Closed goergen95 closed 4 months ago
I get a rough ~50% decrease in average computation time with:
#remotes::install_github("mapme-initiative/mapme.biodiversity", ref = "main")
#remotes::install_github("mapme-initiative/mapme.biodiversity", ref = "improve-runtime-for-small-assets")
library(mapme.biodiversity)
library(sf)
library(microbenchmark)
outdir <- file.path(tempdir(), "mapme.data")
dir.create(outdir)
mapme.biodiversity:::.copy_resource_dir(outdir)
x <- read_sf(
system.file("extdata", "gfw_sample.gpkg", package = "mapme.biodiversity")
)
mapme_options(
outdir = outdir,
verbose = TRUE
)
x <- get_resources(
x,
get_gfw_treecover(version = "GFC-2020-v1.8"),
get_gfw_lossyear(version = "GFC-2020-v1.8")
)
# call once to load namespace
calc_indicators(
x,
calc_treecover_area(
years = 2000:2005, min_size = 5, min_cover = 30)
)
microbenchmark(
branch = {
calc_indicators(
x,
calc_treecover_area(
years = 2000:2005, min_size = 5, min_cover = 30)
)}
)
I get for main (d94fad068):
Unit: milliseconds
expr min lq mean median uq max neval
branch 384.5842 388.6725 392.8769 390.0362 393.276 598.3322 100
versus:
Unit: milliseconds
expr min lq mean median uq max neval
branch 159.6032 171.4363 182.1979 175.1873 180.3777 482.6047 100
@karpfen: Would you mind to confirm?
Adapting above script to process 100 assets via:
mapme_options(
outdir = outdir,
verbose = FALSE
)
x <- get_resources(
x,
get_gfw_treecover(version = "GFC-2020-v1.8"),
get_gfw_lossyear(version = "GFC-2020-v1.8")
)
x <- st_as_sf(list_rbind(lapply(1:100, function(i) x)))
x$assetid <- 1:nrow(x)
# call once to load namespace
microbenchmark(
branch = {
calc_indicators(
x,
calc_treecover_area(
years = 2000:2005, min_size = 5, min_cover = 30)
)},
times = 10
)
yields on main
Unit: seconds
expr min lq mean median uq max neval
branch 17.42098 17.43061 17.6243 17.53582 17.68839 18.15672 10
vs:
Unit: seconds
expr min lq mean median uq max neval
branch 8.81958 8.903752 9.088585 9.049905 9.153315 9.738127 10
Btw. x
has roughly 2,300 ha, that is larger than 80% of the assets in the portfolio we were discussing today.
Wow, I didn't expect that to work so quickly, nice one :) I'll try this out later today
Would be nice if you could run the example code to see if the improvement holds on another machine.

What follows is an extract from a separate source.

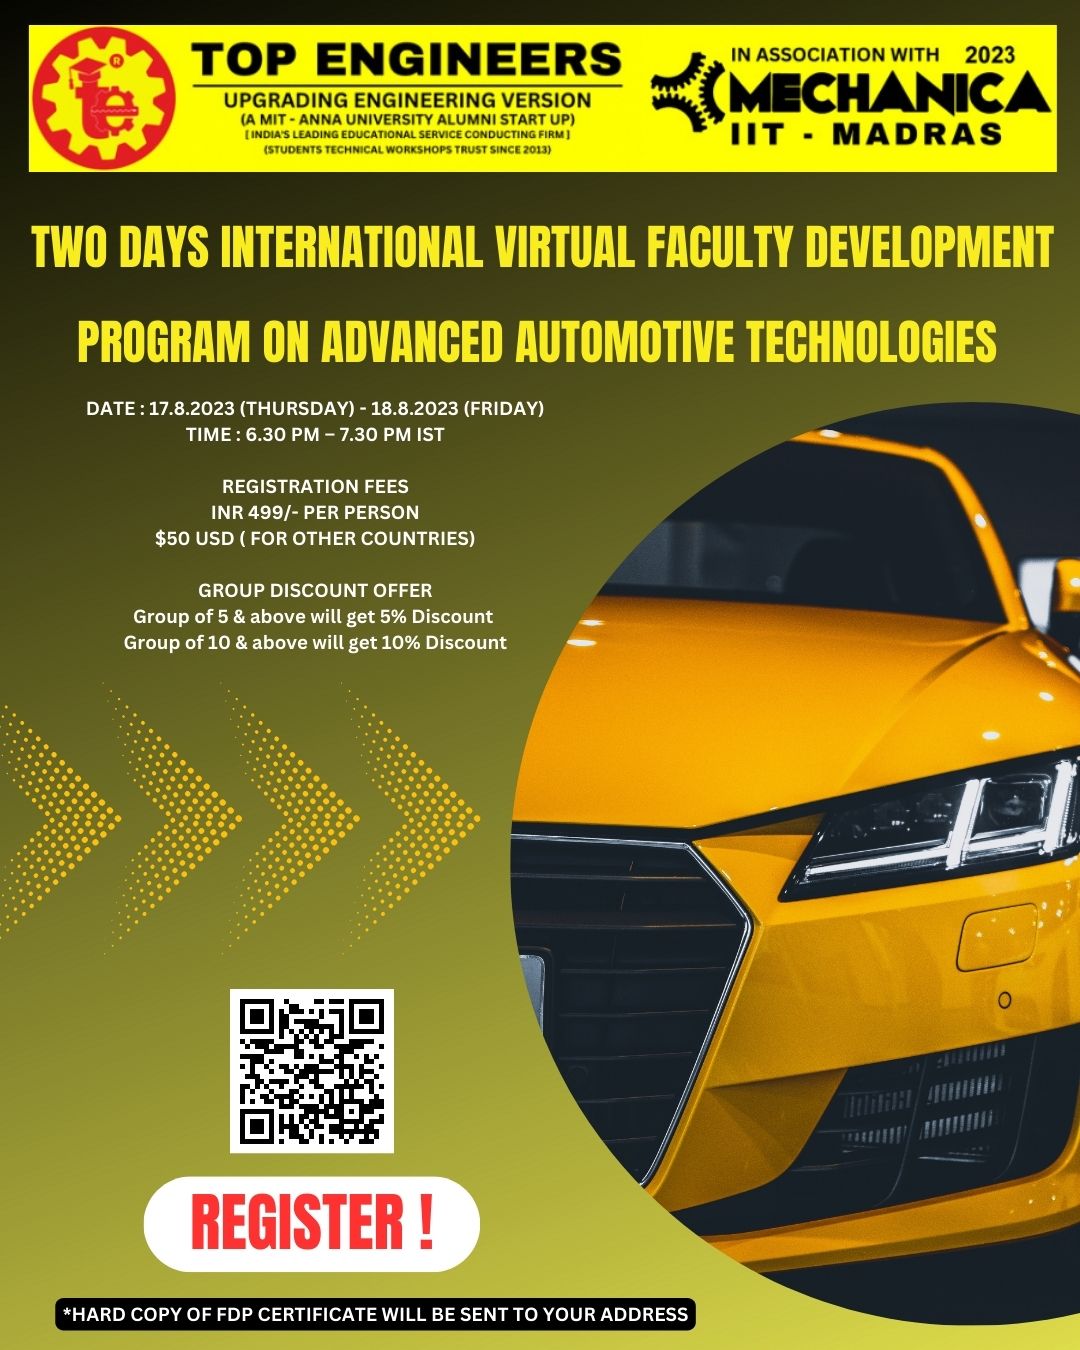 Two Days International Virtual Faculty Development Program on Advanced Automotive Technologies 2023

Note, that speed up in a real use-case will be very much dependent on both the structure of the assets (e.g. are the many multi-polygons) and how you set up parallelization (number of cores on the asset level vs. on the chunk level -> parts of multi-polygons are also processed as chunks).